Synthekine is developing STK-009 for use with SYNCAR-001, a CD-19-targeting CAR-T therapy that has a mutated IL-2 receptor so that wild-type IL-2 can’t signal through it. STK-009 is designed to signal only through that mutated receptor and not through wild-type IL-2 receptor.

Ray likens the duo to a private lock-and-key system: “We deliver the CAR-T that works like you would expect, except it has this mutated receptor on it. We can deliver the IL-2 ligand to very selectively proliferate, activate and impact those CAR-T cells and avoid activity on wild-type T cells and wild-type NK cells. It’s a unique system we hope gives physicians control of CAR-Ts once they’ve bene dosed.”

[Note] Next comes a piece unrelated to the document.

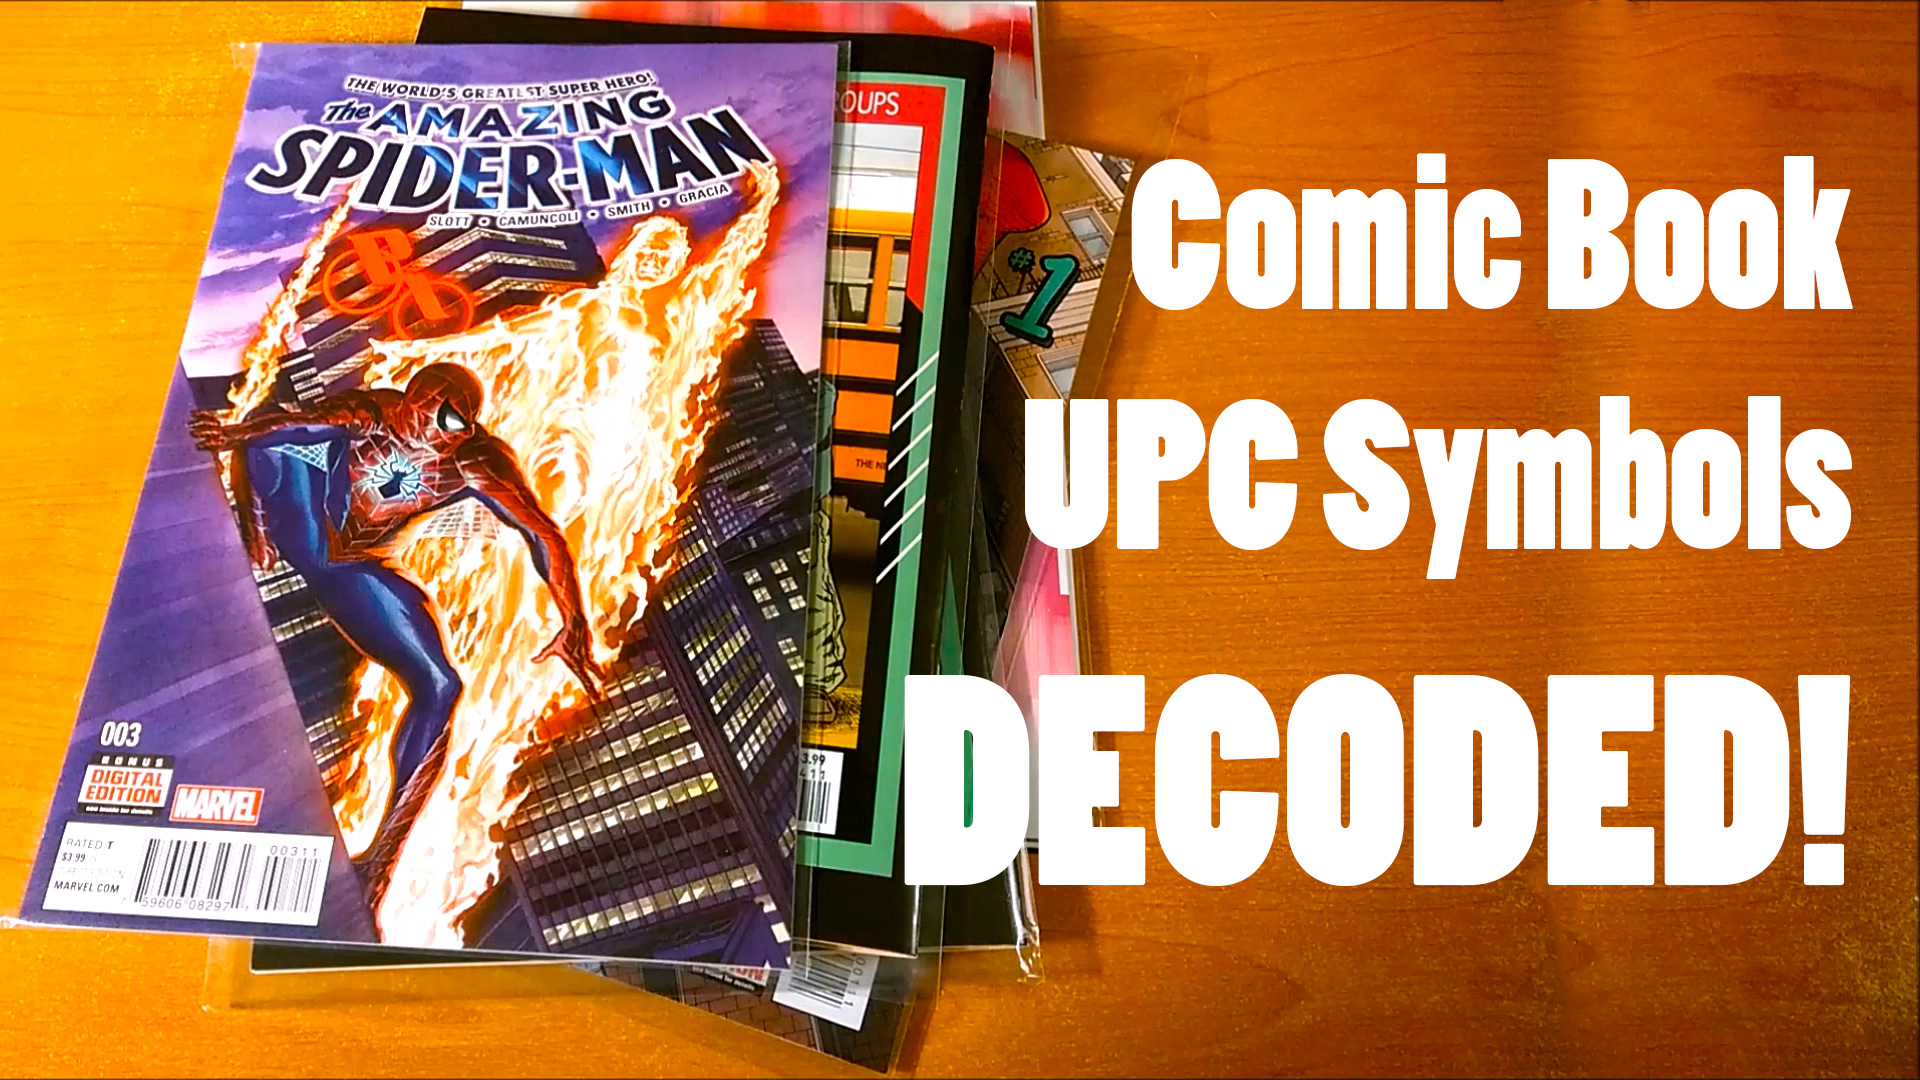 Comic Book UPC Symbols Decoded

Synthekine is starting with CD-19 CAR-T cells “because so much is known about that CAR-T,” Ray said. But the company is looking at other CAR-T targets, including those in solid tumors, and it thinks the approach could also work with regulatory T cells or tumor-infiltrating lymphocytes. While it plans to push forward its own pipeline, the company hopes to partner with other companies to explore other targets and cell types.

Beyond its two lead programs, both of which are based on wild-type IL-2, Synthekine is checking out different combinations of cytokines and receptors, including pairs that don’t naturally come together. This could lead to “brand new biology, brand new signaling” that can’t be found with wild-type cytokines.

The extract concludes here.